Can anyone remember the names of the ex-members of the former girl group, Destiny’s Child? For even the above-average fan, the answer is no. And it’s because of our mind’s quick and natural ability to erase the past so easily once perfection sets in that we have remain hopeful for Lee Daniels’ newest series, “Star.” Better shows have overcome their pilots before, but right now, it seems borderline unwatchable. It will take both time and a lot of shake-ups to block this premiere from our memory, but it is possible: There is huge potential for this show to be great.
Similar to the trial and error Destiny’s Child went through before finding its winning trio of Beyonce, Kelly and Michelle, if “Star” narrows its focus to only featuring its best parts, it can succeed. And one day we can look back on this pilot and think “Whoh! Is that even from the same series?”
Partnering with Tony Donaghy, this is the creative baby of Lee Daniels, who brought us films like “Precious: Based on the novel Push by Sapphire,” and “The Butler.” He’s also responsible, of course, for the hip-hop music-biz juggernaut “Empire,” which aired its Season 3 fall finale right before the premiere. All of that means it’s too early yet to immediately remove this show from the DVR and call it a night, but we understand the urge.
Playing the titular role of “Star” is newcomer Jude Demorest. Spunky with an impressive voice, she is distractingly way too old to be believably playing 17. However, the girl group she forms with her half-sister Simone (Brittany O’Grady) and the secretly rich girl from a music dynasty, Alexandra (Ryan Destiny!), is not bad. But the obviously lip-synched pop tracks they perform, in oversexualized music video montages fit neither into the realistic performance realm of “Empire,” nor the fever dreams of “Crazy Ex-Girlfriend.” Overall, the singing and dancing falls short of anything we’ve seen from Tiana (Serayah McNeill) on “Empire,” or your average Fifth Harmony clip.

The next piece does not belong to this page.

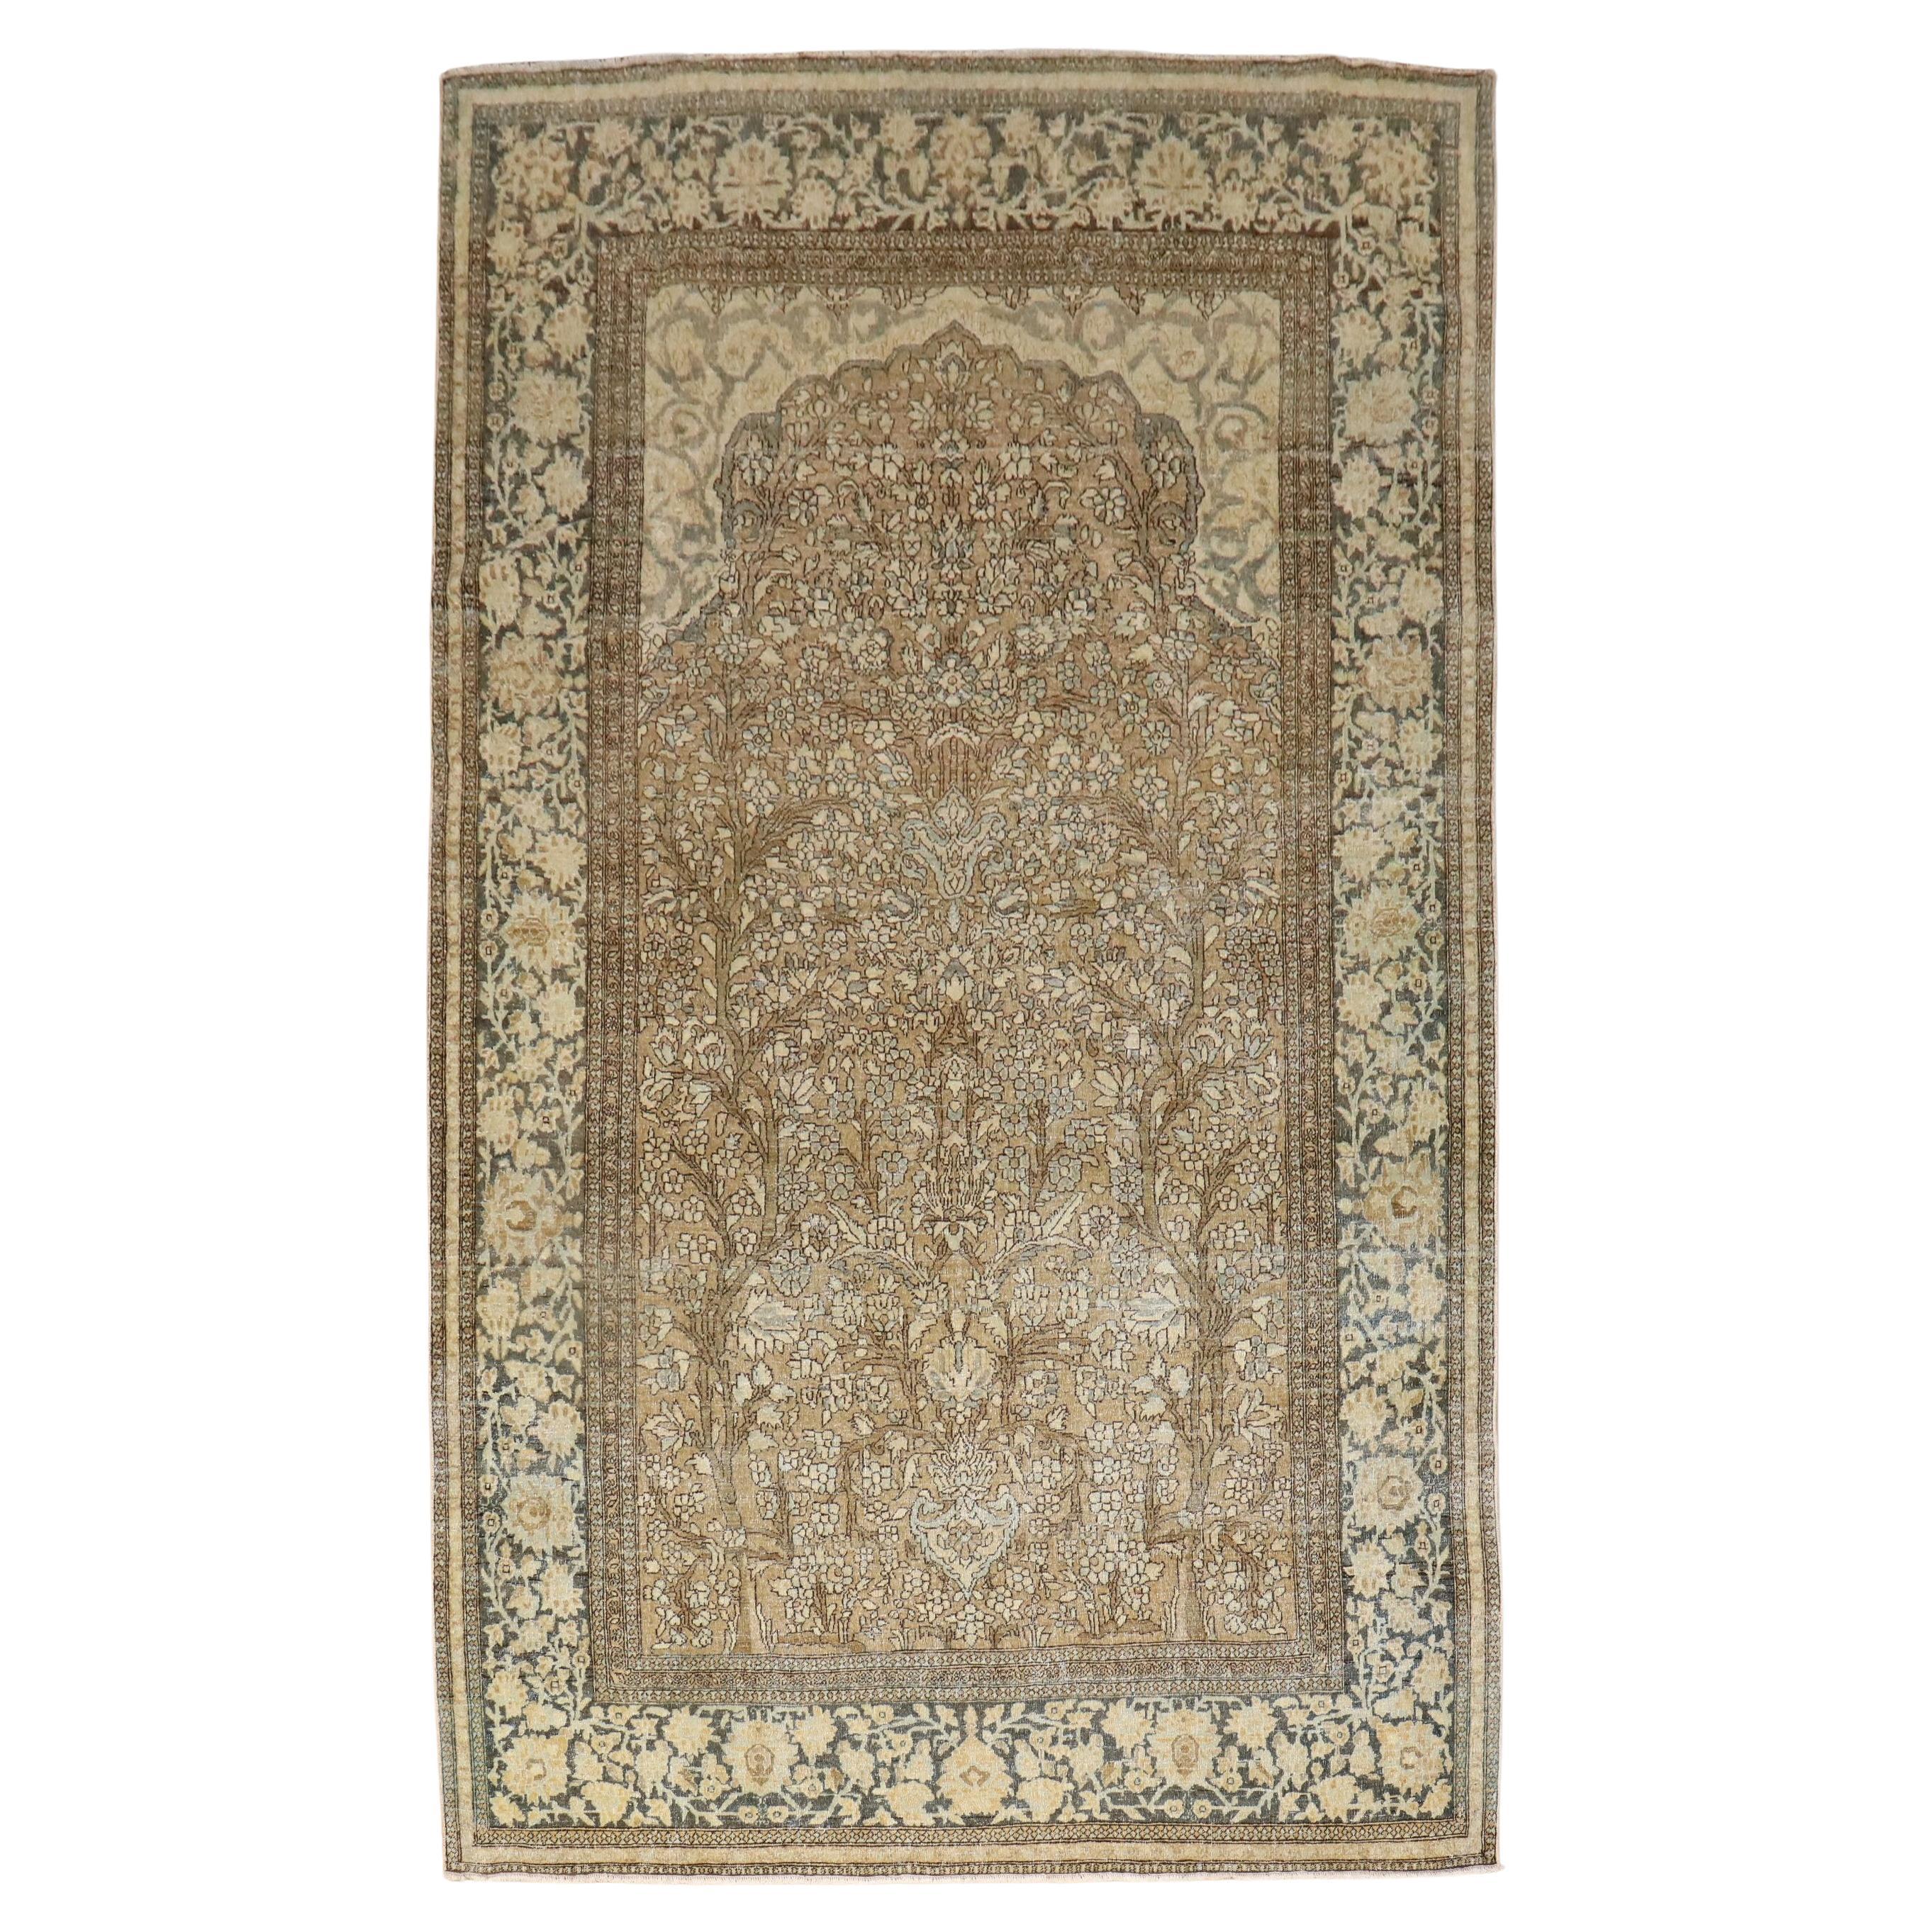 Antique Persian Isfahan Mihrab Prayer Carpet

The girls have talent — but in a conceivably well-intentioned narrative motif, Star uses sexuality several times in the premiere alone to further the group’s career. A perceived 17-year-old confidently and willingly going there — and get such approval from much older men in power, like down-on-his luck agent Jahil (Benjamin Bratt) — fails to come off in the way we believe Daniels intended.
If the rest of the script weren’t so far-fetched, these scenes would give viewers that heartbreaking, “Is this really how the music business hustle is on the streets type?” reaction. Much of “Empire’s” impressive madness feels believable in that context. But after seeing Star stab Simone’s rapey foster parent with a kitchen knife like something out of “Scream Queens,” then puts her career in the hands of a girl she met via Instagram, it’s hard to feel anything real at all.
Together the troubled trio travel to Atlanta to meet Carlotta, a woman who used to be best friends with Star and Simone’s mother, and opens up her barbershop/house for them to live. Ridiculous plot lines aside, the show’s true star here is Queen Latifah. She is a gift. The best moment of the entire premiere is when Latifah sings in church, her soulful pipes reverberating within your soul.
If the show could keep the random music video montages of the budding girl group to a minimum, pump up the rest with more of Latifah’s performances, that would be great. Music sung with Latifah’s power is rare — with so much TV out there, it’s something worth tuning in for.
Queen Latifah needs to be the Jamal (Jussie Smollett) of ‘Star.” She needs a featured song to belt each week.
More singing also means less talking, which would be good — although luckily for “Star,” Latifah could read a food delivery menu and somehow make it captivating entertainment. But not everyone has Latifah’s chops, and there are struggles to give believable life to a lot of the lines. Because of this — as with “Empire,” during its hazier periods — many of the show’s humorous moments are sadly unintentional.
Back to focusing on the good: Lenny Kravitz plays Alexandra’s father, and in episode two, Naomi Campbell will play her mother. It’s also been announced Terrence Howard will make an appearance. And while we want to be excited that this could be a future “Star”/”Empire” crossover episode, it’s presumably going to be weirdly distracting, given that Naomi Campbell’s character died on “Empire” last season. And for those holding on to the hope that Mimi didn’t actually die, showrunner Ilene Chaiken told the THR, “We can assume she’s dead. She drank the poison.”
Daniels wants this to be show to examine race issues, and what’s happening on the streets, from a fresh perspective. His goal of challenging the status quo — somehow — by making the lead a white woman is… interesting… but there’s just too much happening in this rags to riches story for any of it to resonate.
As of its debut, “Star” is a hot mess. But if the series can wrangle a few major changes, this could be a modern retelling of “Dreamgirls” — and Daniels will add another huge hit to his already impressive resume.
“Star” premieres on Wednesday, Dec. 14, at 9 p.m. ET/PT on FOX.